Poverty, Inc. is a 91-minute documentary inquiry into the nature of human flourishing and the effects of the multibillion dollar poverty industrial complex erected to promote it. The film challenges current perceptions of global charity and promotes entrepreneurship as an effective alternative to alleviating world poverty. The film was made by the Acton Institute, a free market think tank.

==Production and synopsis==

The filming started in 2010. Directed by Michael Matheson Miller and drawing from over 200 interviews filmed in 20 countries, Poverty, Inc. explores the neocolonial power dynamics embedded paternalism underpinning the predominant modes of assistance, which often situate “the poor” (i.e. “the other”) as the objects of charity rather than as the active protagonists in their own stories.

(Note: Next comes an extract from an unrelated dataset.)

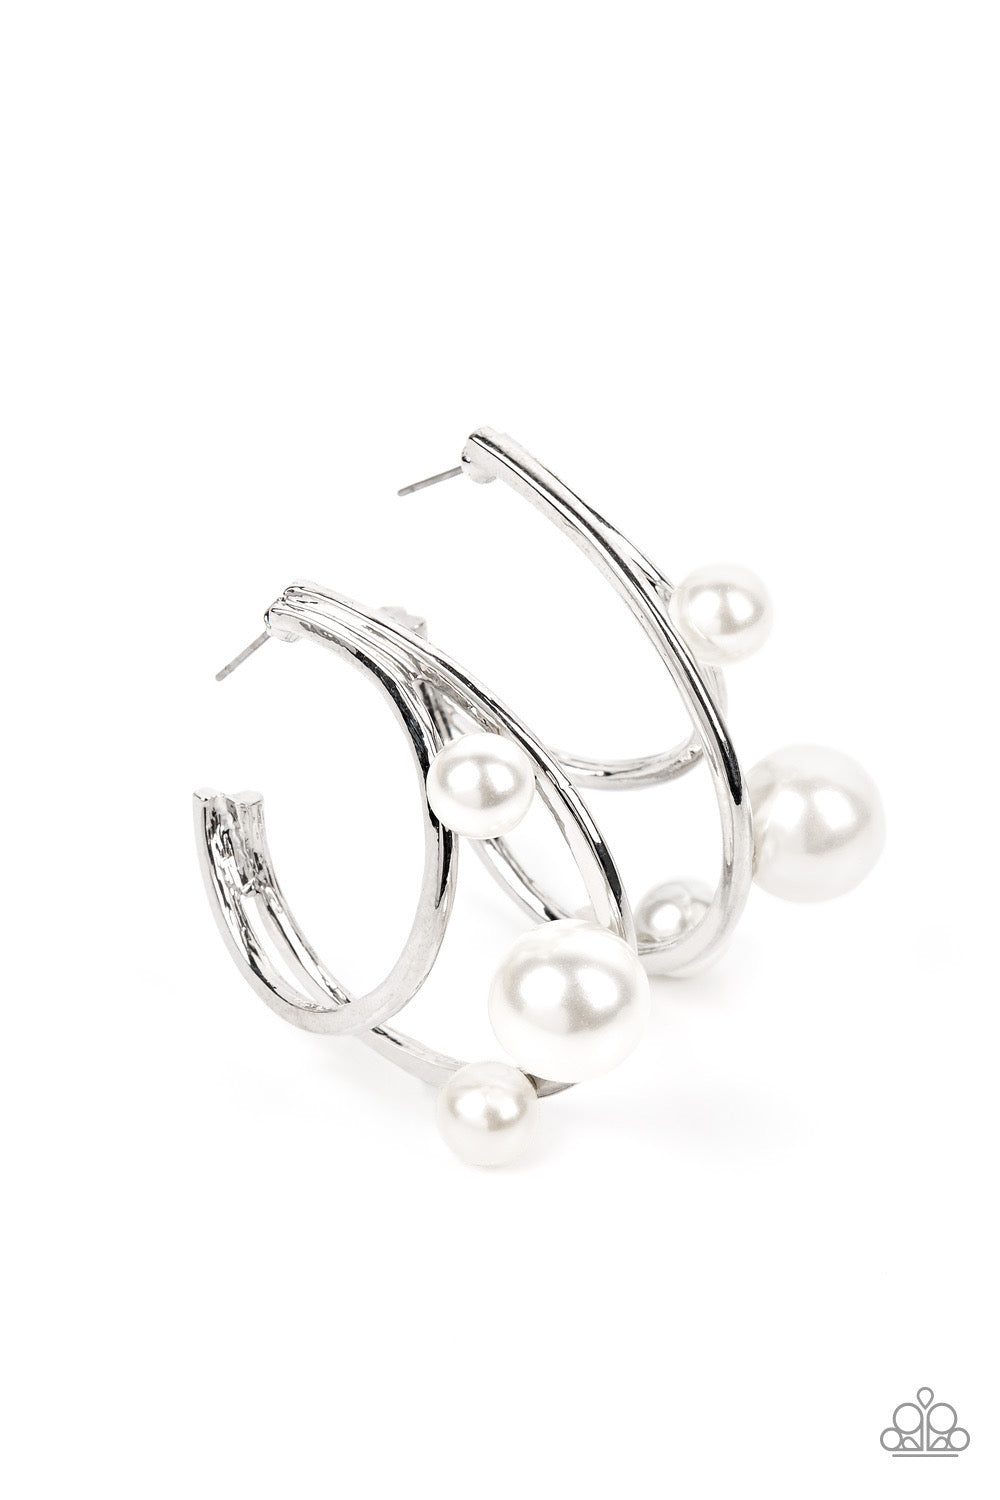 Paparazzi Metro Pier - White Earrings - Pearl Earring Paparazzi jewelry images

The film has the tag-line, “Fighting poverty is big business, but who profits the most?” One of the things the film looks at is charitable institutions and their role in fighting poverty. It questions whether aid institutions themselves are sometimes a hindrance to fighting poverty. The film features Herman Chinery-Hesse, Hernando de Soto and Nobel Peace Prize winner Mohammad Yunus. Also mentioned in the film are Bill Clinton and Bono. A significant proportion of the film focuses on the unintended consequences of a policy to subsidize rice exports from the US to Haiti under the Clinton Administration in the 1990s, which he later admitted was a failure with additional coverage in the film of the reality of Haiti orphanages and the work of the Apparent Project to help bring parents out of poverty.

==Critical reception==

Peter Debruge of Variety wrote, "As if poverty weren't a challenging enough phenomenon unto itself, time has revealed that good intentions by outsiders can in many cases make the problem worse – a cruel irony that serves as the basis of Michael Matheson Miller’s Poverty Inc., an easy-to-understand docu-essay with a tough-to-accept message, especially as it implies that some aid organizations may actually be cashing in on their concern." And about the director: "Miller avoids the manipulative tricks of lesser filmmakers, presenting his argument with lucidity and reason. Whereas others give without thinking, Poverty Inc. provides genuine food for thought."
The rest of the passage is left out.